United States District Court, W.D. Michigan, Southern Division
Aug 28, 2001
Case No. 1:98-CV-743 (W.D. Mich. Aug. 28, 2001)

Opinion

Case No. 1:98-CV-743

August 28, 2001


ORDER


In accordance with the Opinion issued this date,

IT IS HEREBY ORDERED that Plaintiff's Objections to the Magistrate Judge's Report and Recommendation (Dkt. No 96) are GRANTED in part and DENIED in part.

IT IS HEREBY ORDERED that the Magistrate Judge's Report and Recommendation (Dkt. No. 94) is ADOPTED in part and REJECTED in part.

IT IS FURTHER ORDERED that Defendant's Motion for Summary Judgment (Dkt. No. 88) is DENIED.

IT IS FURTHER ORDERED that Plaintiff's Motion for Summary Judgment (Dkt. No. 87) is DENIED.

OPINION

This matter is before the Court on Plaintiff Arthur Bright's ("Plaintiff") Objections to the Report and Recommendation of the Magistrate Judge that Defendant Todd Hix's ("Defendant") Motion for Summary Judgment be granted and that Plaintiff's Motion for Summary Judgment be denied. Based on the Court's review of the Motions for Summary Judgment by both Plaintiff and Defendant, the Report and Recommendation ("Report"), and Plaintiff's Objections, the Court will grant in part and deny in part Plaintiff's Objections. The Report will be adopted in part and rejected in part. As a result, Defendant's Motion for Summary Judgment will be denied. Plaintiff's Motion for Summary Judgment on the issue of liability will also be denied.

I. Standard of Review

Under 28 U.S.C. § 636(b), a magistrate judge's report that is case-dispositive shall be reviewed de novo by the district court, and the court may accept, reject, or modify the findings and recommendations of the magistrate judge. 28 U.S.C. § 636(b); L. Civ.R. 72.3(b).

Review of a motion for summary judgment requires the Court to determine if there is no genuine issue as to any material fact such that the moving party is entitled to judgment as a matter of law. Fed.R.Civ.P. 56(c). It is the function of the Court to decide "whether the evidence presents a sufficient disagreement to require submission to a jury or whether it is so one-sided that one party must prevail as a matter of law." Anderson v. Liberty Lobby, Inc., 477 U.S. 242, 251-52 (1986). The question is "whether a fair-minded jury could return a verdict for the [non-moving party] on the evidence presented." Id. at 252. The facts are to be considered in a light most favorable to the non-moving party, and "all justifiable inferences are to be drawn in his favor." Schaffer v. A.O. Smith Harvestore Prod., Inc., 74 F.3d 722, 727 (6th Cir. 1996) (quoting Anderson, 477 U.S. at 255) (other citations omitted).

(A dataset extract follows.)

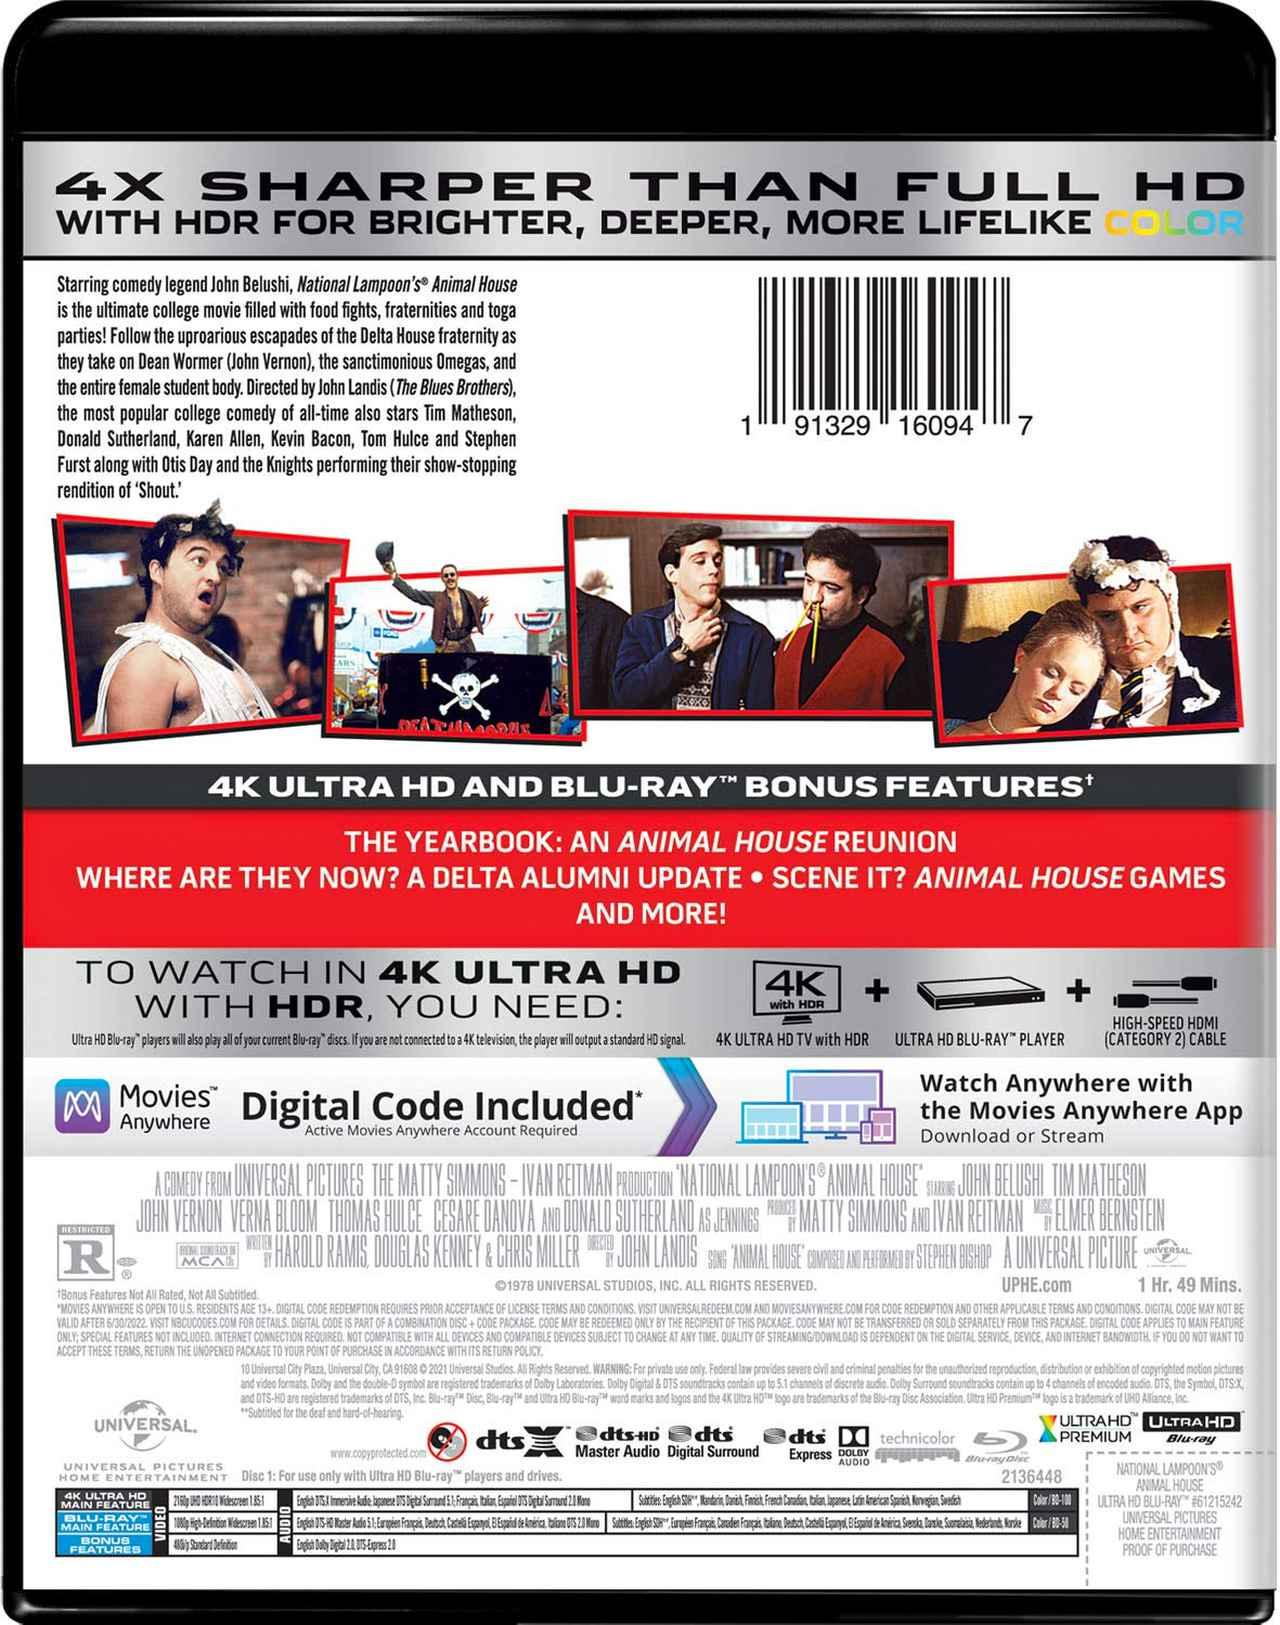 画像: ANIMAL HOUSE 4K Ultra HD + Blu-ray Universal Studios   1978   109 min   Rated R   May 18, 2021 Price: $29.98 Video Codec: HEVC / H.265 Resolution: 4K (2160p) HDR: HDR10 Original aspect ratio: 1.85:1 Audio English: DTS:X French: DTS Mono Italian: DTS Mono Spanish: DTS Mono Japanese: DTS 5.1 Subtitles English SDH, French, Italian, Japanese, Danish, Finnish, Mandarin (Simplified), Mandarin (Traditional), Norwegian, Swedish Special Features (Blu-Ray) The Music of Animal House The Yearbook: An Animal House Reunion Where Are They Now? A Delta Alumni Update SceneIt? Animal House Theatrical Trailer

II. Factual and Procedural Background

Plaintiff filed this 42 U.S.C. § 1983 action in 1998 against various prison officials. Defendant is the only remaining Defendant. Plaintiff claims that his Eighth and Fourteenth Amendment rights were violated when Defendant, a prison nurse, failed to timely provide medical treatment to his tonsillitis.

Defendant examined Plaintiff's throat in June 1998, discovering that the left tonsil was swollen and possibly needed antibiotic therapy. Defendant also knew that Plaintiff had chronic asthma and bronchitis. Plaintiff claims that Defendant would not schedule Plaintiff an appointment to see a doctor for antibiotics because Plaintiff would not sign a form acknowledging responsibility for a co-pay, even though Plaintiff asserted that he was not responsible for the co-pay under prison rules. Plaintiff claims his condition eventually worsened to the point that he vomited blood and required treatment at Hackley Hospital Emergency Room in September 1998. Defendant claims that Plaintiff refused treatment because he did not want to pay the co-pay, and even after Defendant informed him that he should see the doctor to determine if he needed antibiotics, Plaintiff continued to refuse treatment. The facts are laid out in the Report, and pertinent facts are reiterated herein.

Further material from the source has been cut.